*GOAL OF THE EXERCISE*. What is needed is an exact copy of the whole listing below, with no pictures.

═════ INFORMATION SHOWN ═════

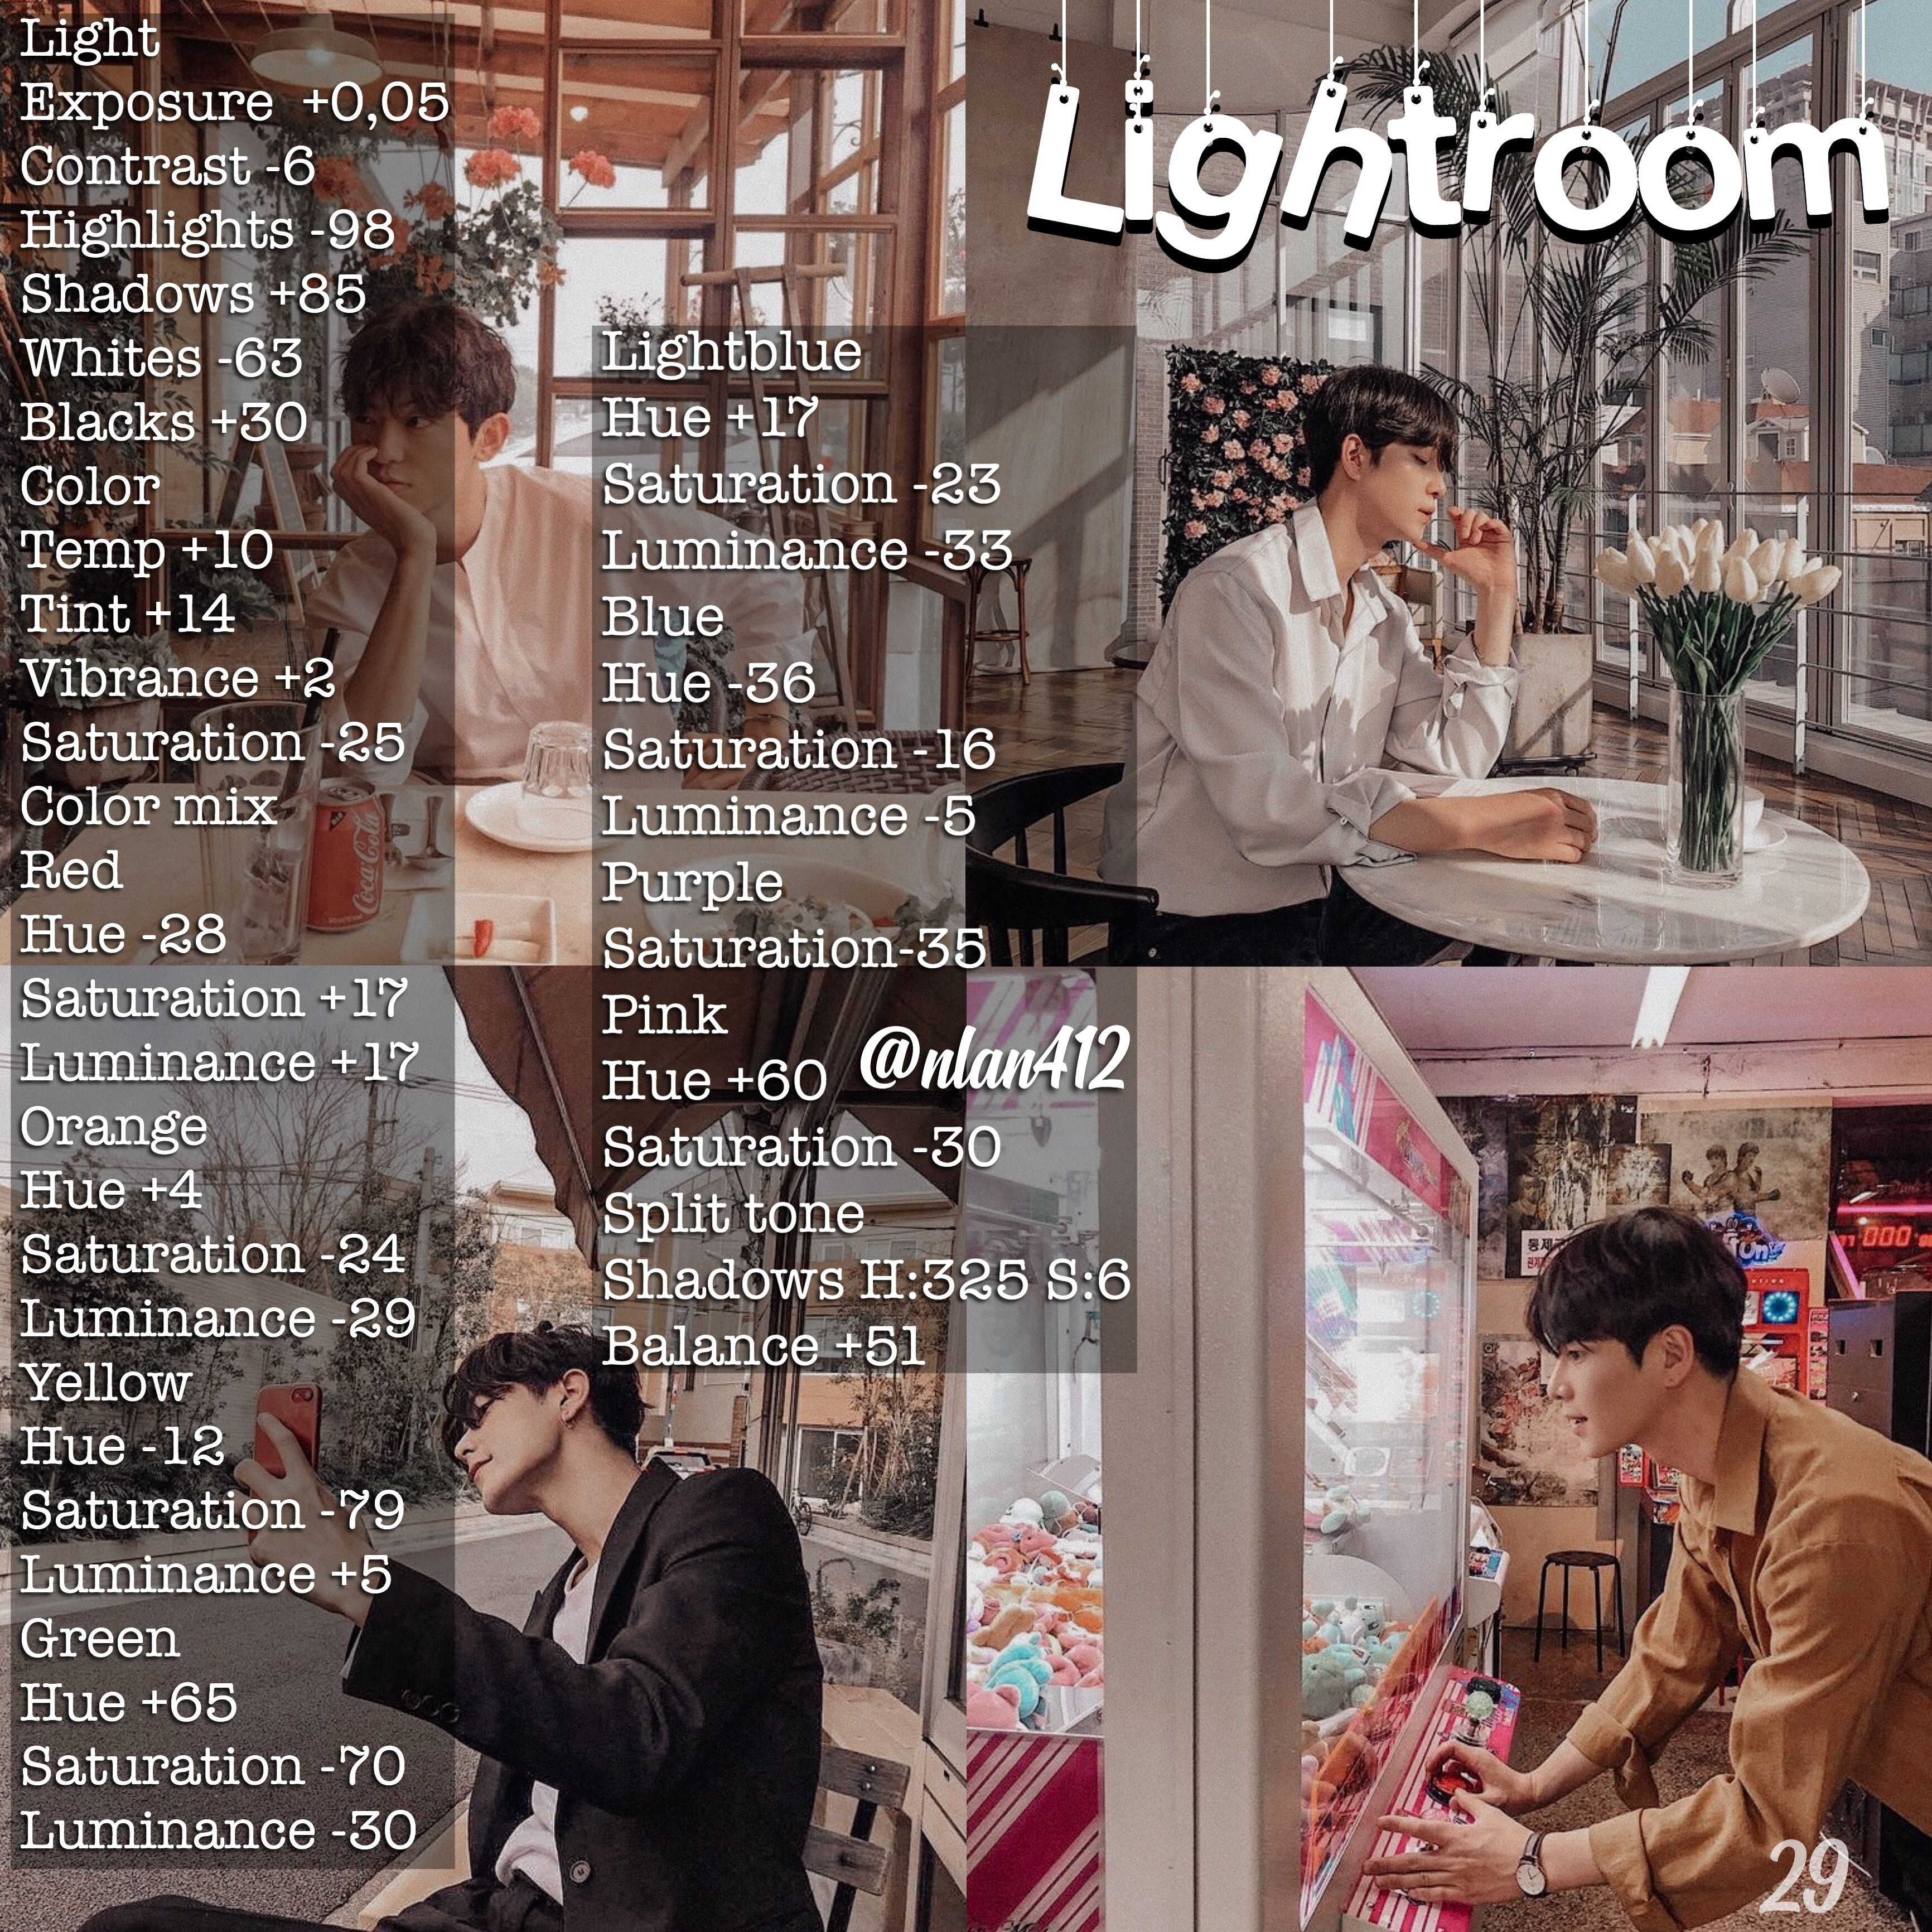 Lightroom Follow Me Save Read Lightroom Tutorial Photo Editing Lightroom Editing Tutorials Lightroom Presets Tutorial
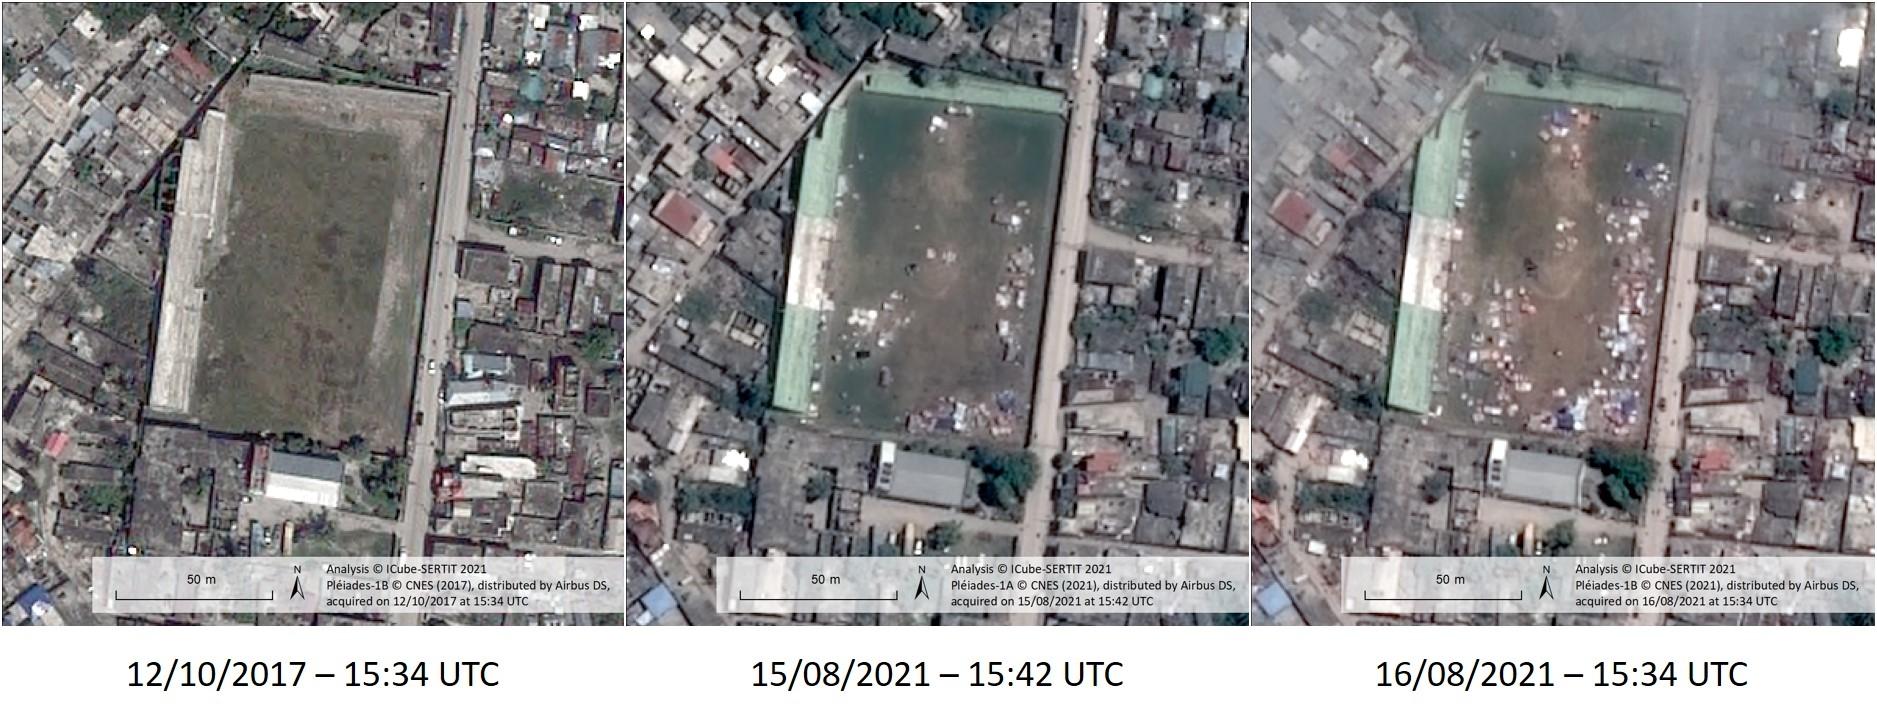 is_charte-haiti-082021-3vues.jpg
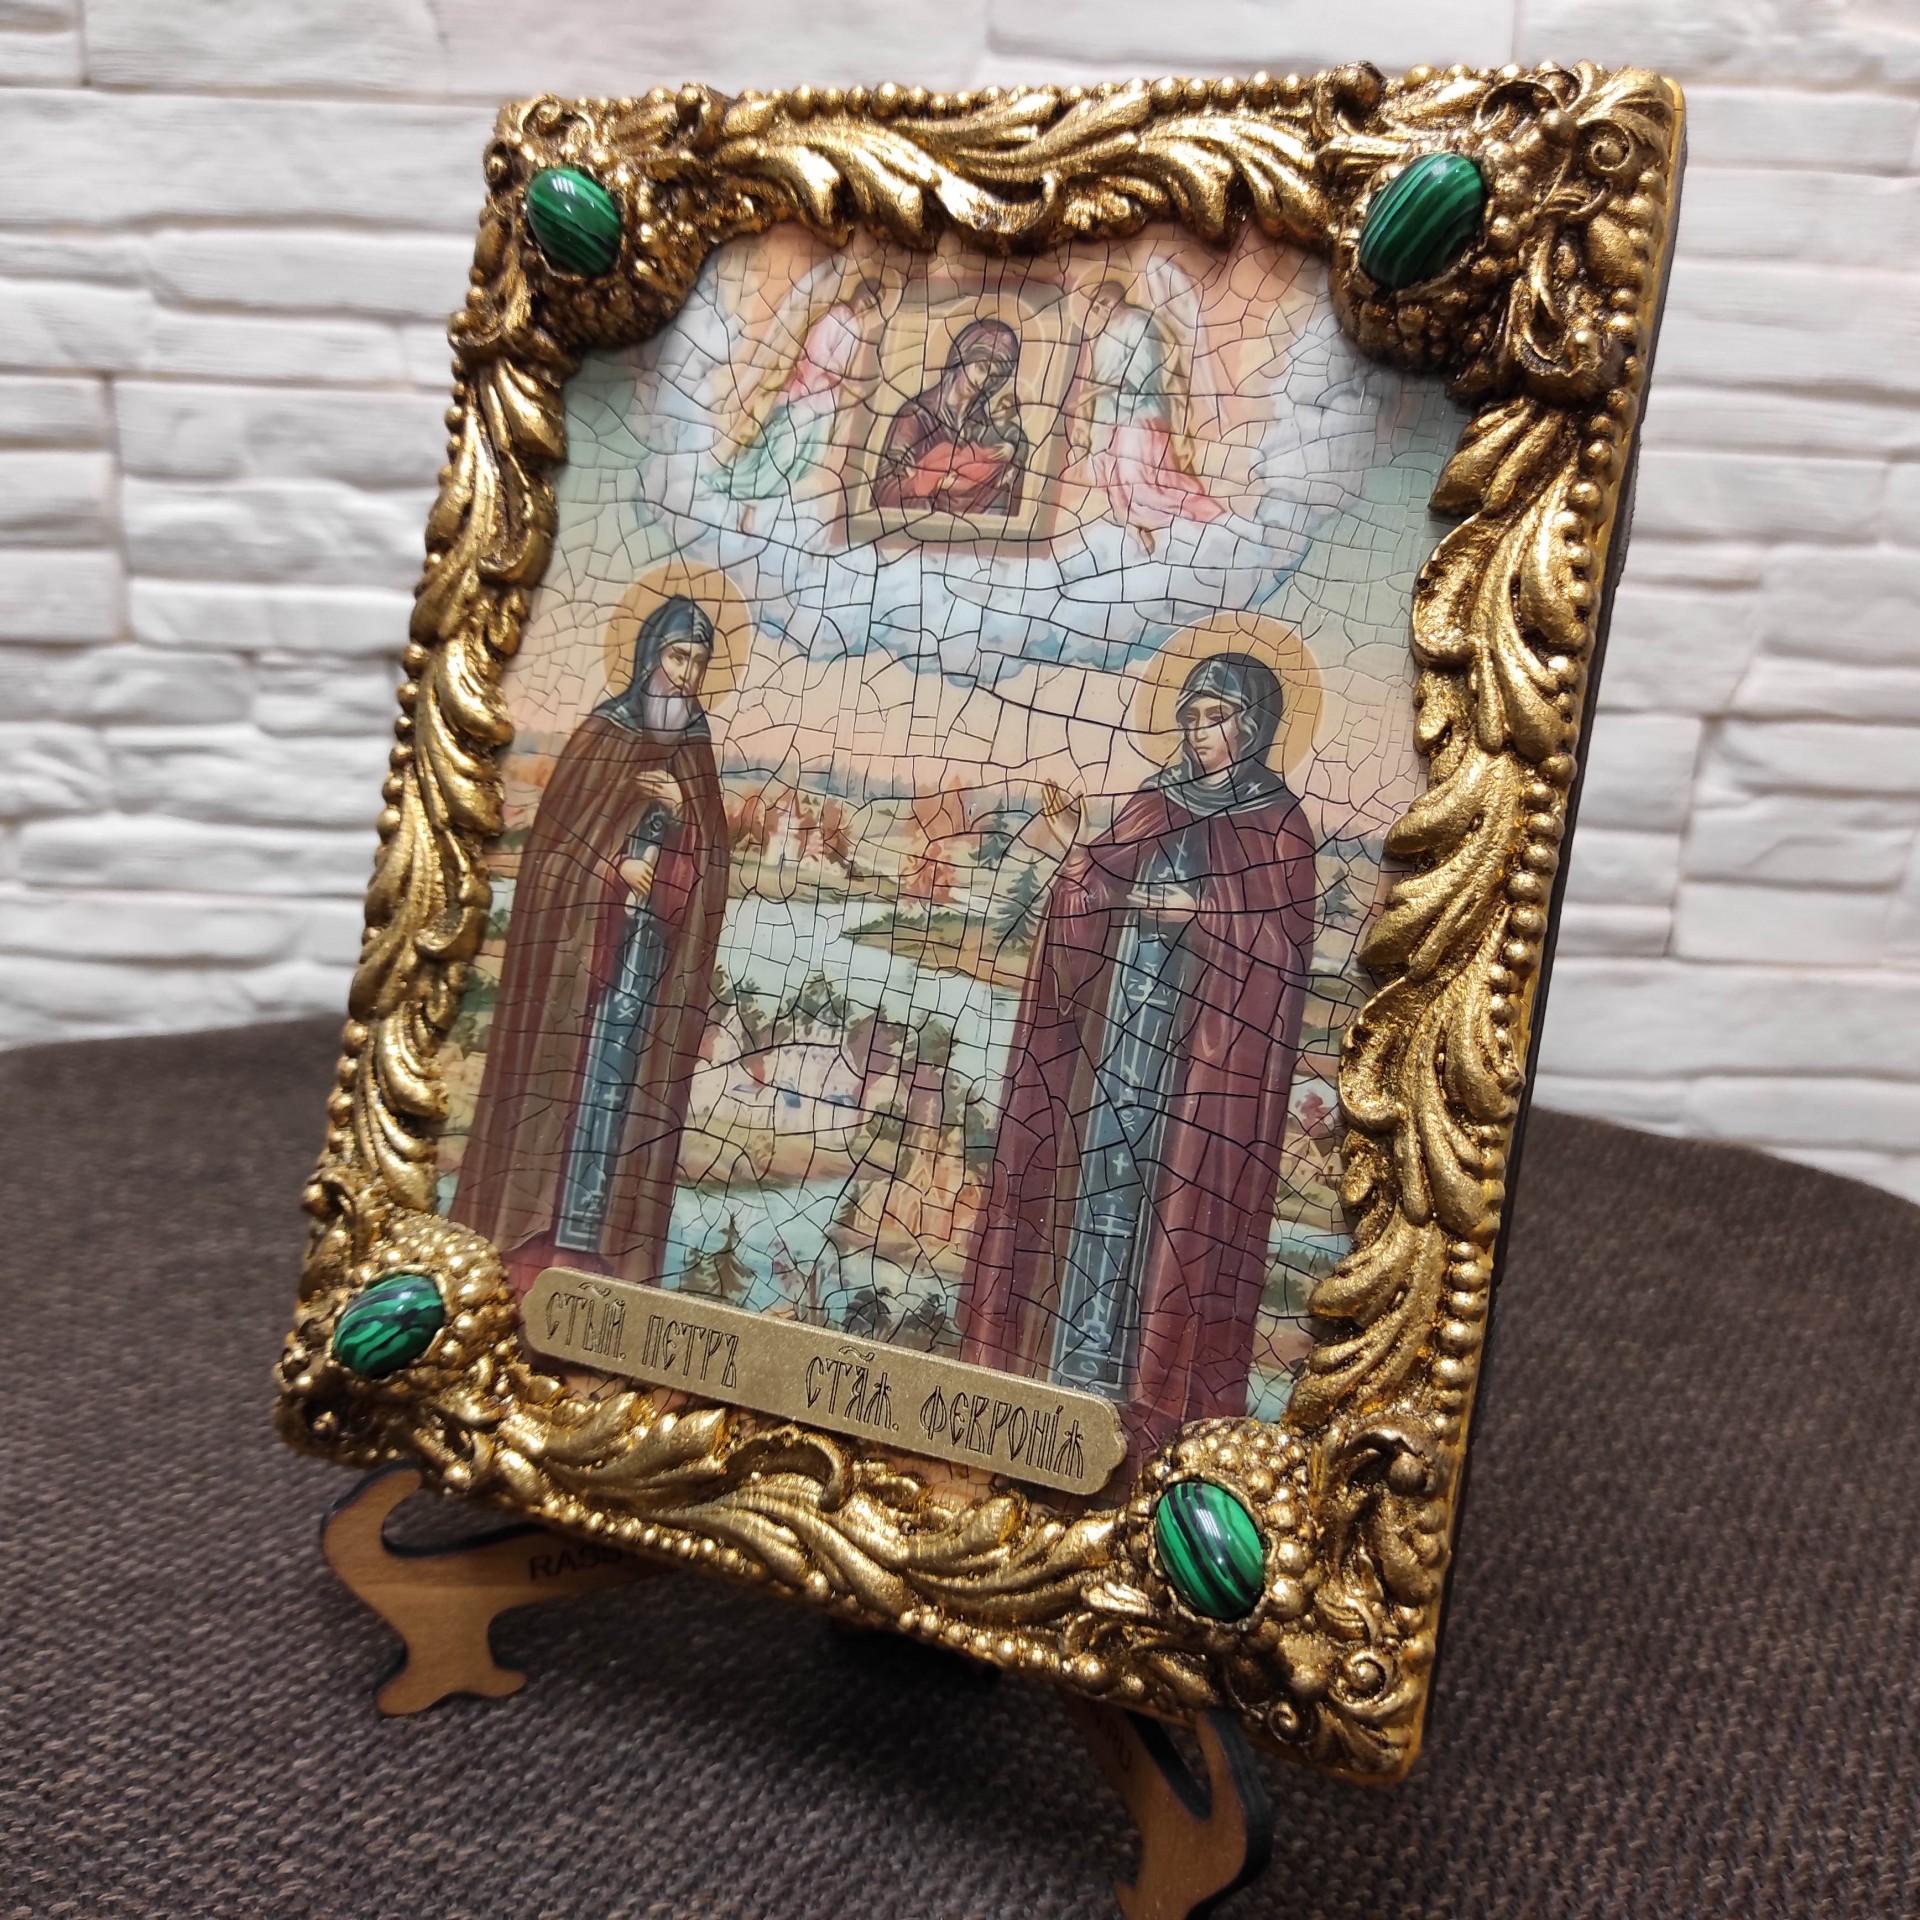 Фото иконы под старину Петра и Февронии с иглицами и зелеными камнями без футляра

═════

*RESULT OF THIS TASK*.
 Lightroom Follow Me Save Read Lightroom Tutorial Photo Editing Lightroom Editing Tutorials Lightroom Presets Tutorial
 is_charte-haiti-082021-3vues.jpg
 Фото иконы под старину Петра и Февронии с иглицами и зелеными камнями без футляра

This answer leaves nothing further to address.